Adrian Paul Allinson (9 January 1890 – 20 February 1959) was a British painter, potter and engraver known for his landscapes of Southern Europe and North Africa, and for a series of notable posters he made for London Transport.

== Life and career ==
Allinson was born in London, the eldest son of a doctor, Thomas Allinson, whose advocacy of vegetarianism and contraception had led to his being struck off the medical register. His mother Anna Allinson (née Pulvermacher), the granddaughter of a Polish rabbi, was a portrait painter who had studied in Berlin. His brother was physician Bertrand P. Allinson.

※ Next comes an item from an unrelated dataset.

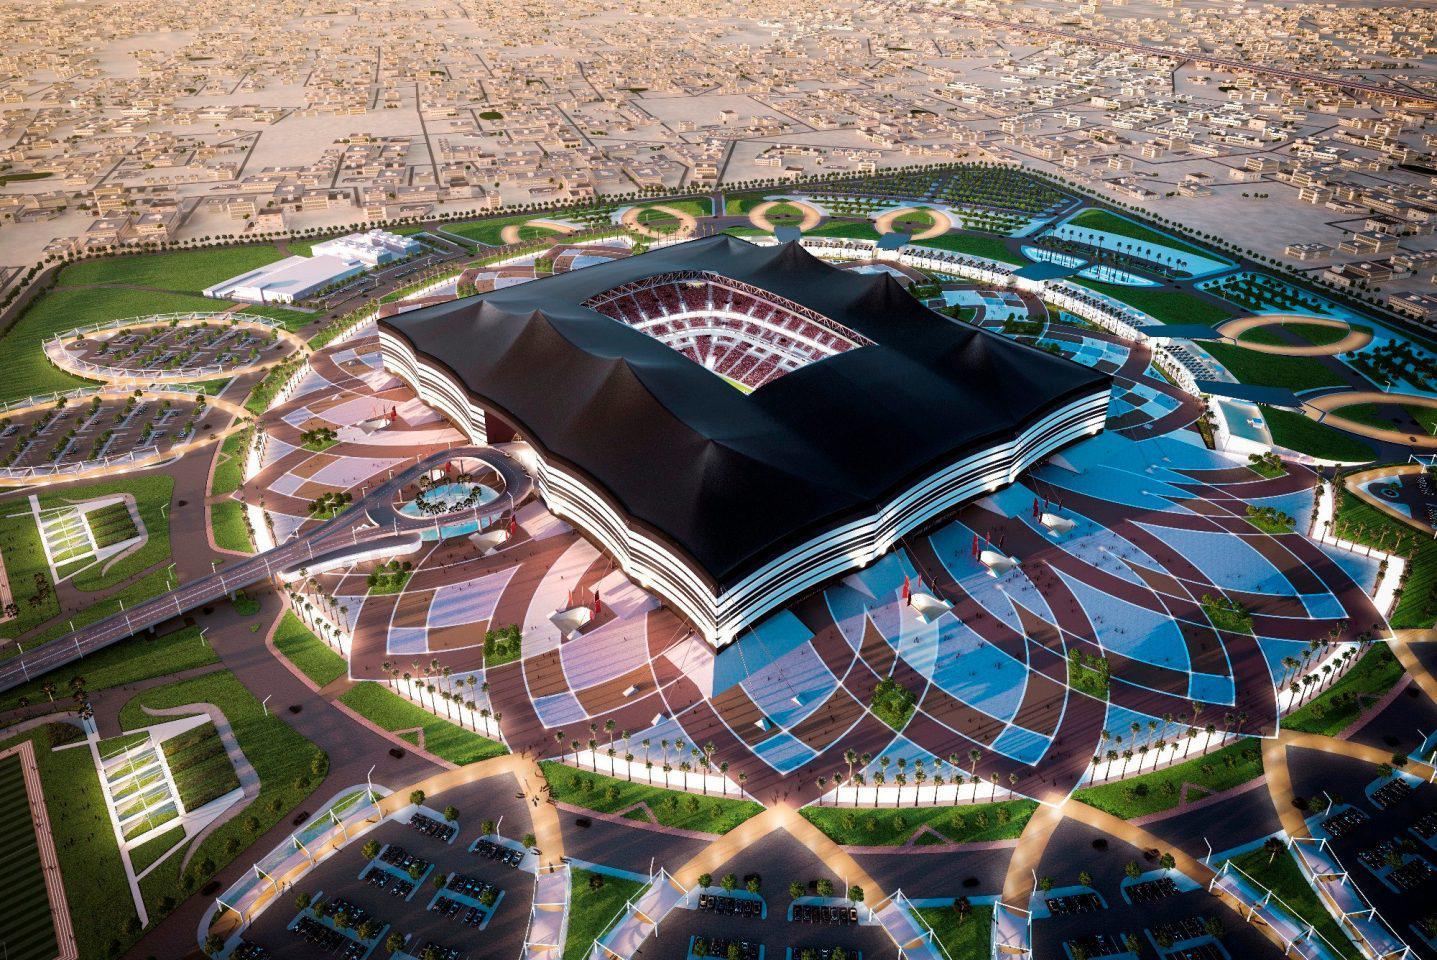 «Βαμμένο στο αίμα» το Μουντιάλ της χλιδής: Πάνω από 6.500 νεκροί μετανάστες στα εργοτάξια του Κατάρ

After leaving Wycliffe College, Allinson began studying medicine, but gave this up and turned instead to art, gaining a scholarship in his second year at the Slade School of Fine Art. Graduating in 1910, he travelled to Europe to study in Paris and in Munich. Following his first exhibition, at the Alpine Club Gallery, in February 1911, he became one of the founding members of the Camden Town Group, and with other members later joined with the Vorticists to form The London Group.

A pacifist, Allinson associated himself with the Bloomsbury Group during the First World War, producing drawings for the Daily Express newspaper and one of his most important works, a scene inside the Café Royal made in 1915–16. He also designed sets for the Beecham Opera Company. In 1916 he was registered as a conscientious objector.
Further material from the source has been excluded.